Robust regression model for the Portuguese cohort, relating prevalence of SDRMs (codon position) in treatment-failing patients per drug class versus prevalence of SDRMs in drug-naive patients.

Fig. 1

The linear regression line is shown together with the 95% CI, slope, intercept and R2. SDRMs above or below the 95% CI are labeled with codon position; robust outliers (see Table S1, ) are shown as red circles. (a) Prevalence of each protease inhibitor SDRM in protease inhibitor-treatment-failing patients [i.e. (#protease inhibitor SDRMs in protease inhibitor-treatment-failing patients)/# protease inhibitor-treatment-failing patients, see Table 1] versus prevalence of each protease inhibitor SDRM in drug-naive patients i.e. (#protease inhibitor SDRMs in drug-naive)/# drug-naive patients. (b) Prevalence of each NRTI SDRM in NRTI-treatment-failing patients versus prevalence of each NRTI SDRM in drug-naive patients.
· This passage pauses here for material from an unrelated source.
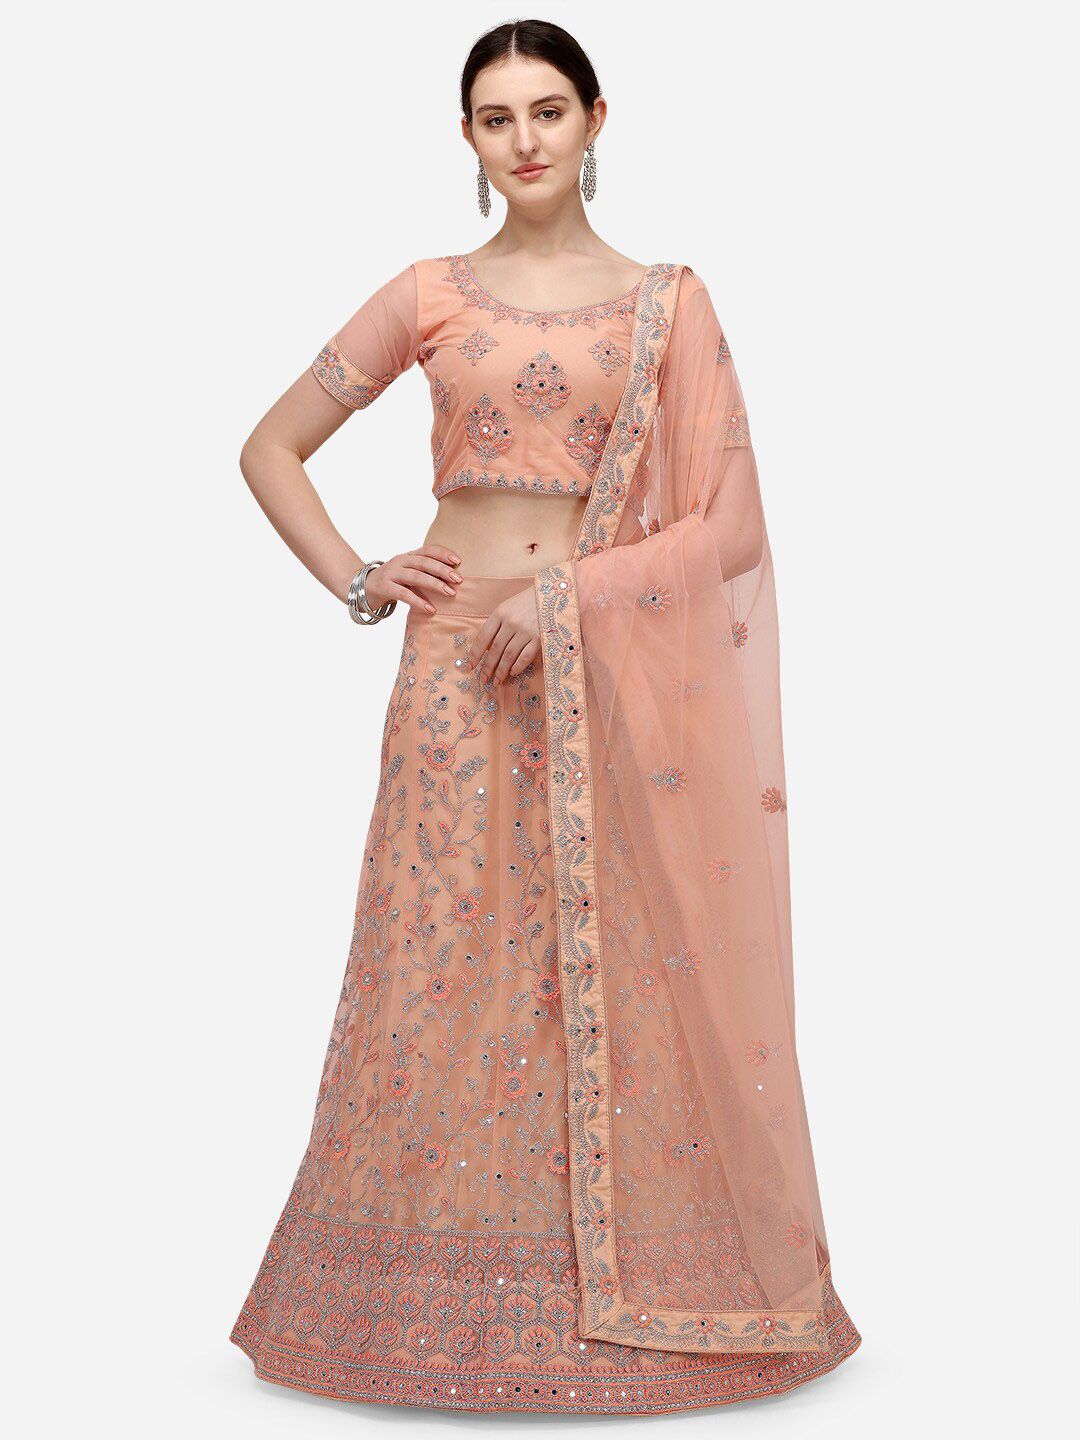 VRSALES Peach-Coloured & Silver-Toned Embroidered Mirror Work Semi-Stitched Lehenga & Unstitched Blouse With Price in India

T215Y/F and T215Rev are shown in green but were taken together (T215) for the linear regression. (c) Prevalence of each NNRTI SDRM in NNRTI-treatment-failing patients versus prevalence of each NNRTI SDRM in drug-naive patients. CI, confidence interval; DN, drug-naive individuals; NNRTI, nonnucleoside reverse transcriptase inhibitors; NNRTI-TR, patients failing a NNRTI-containing treatment; NRTI, nucleoside reverse transcriptase inhibitors; NRTI-TR, patients failing a NRTI-containing treatment; SDRM, surveillance drug resistance mutations; PI, protease inhibitor; PI-TR, patients failing a PI-containing treatment.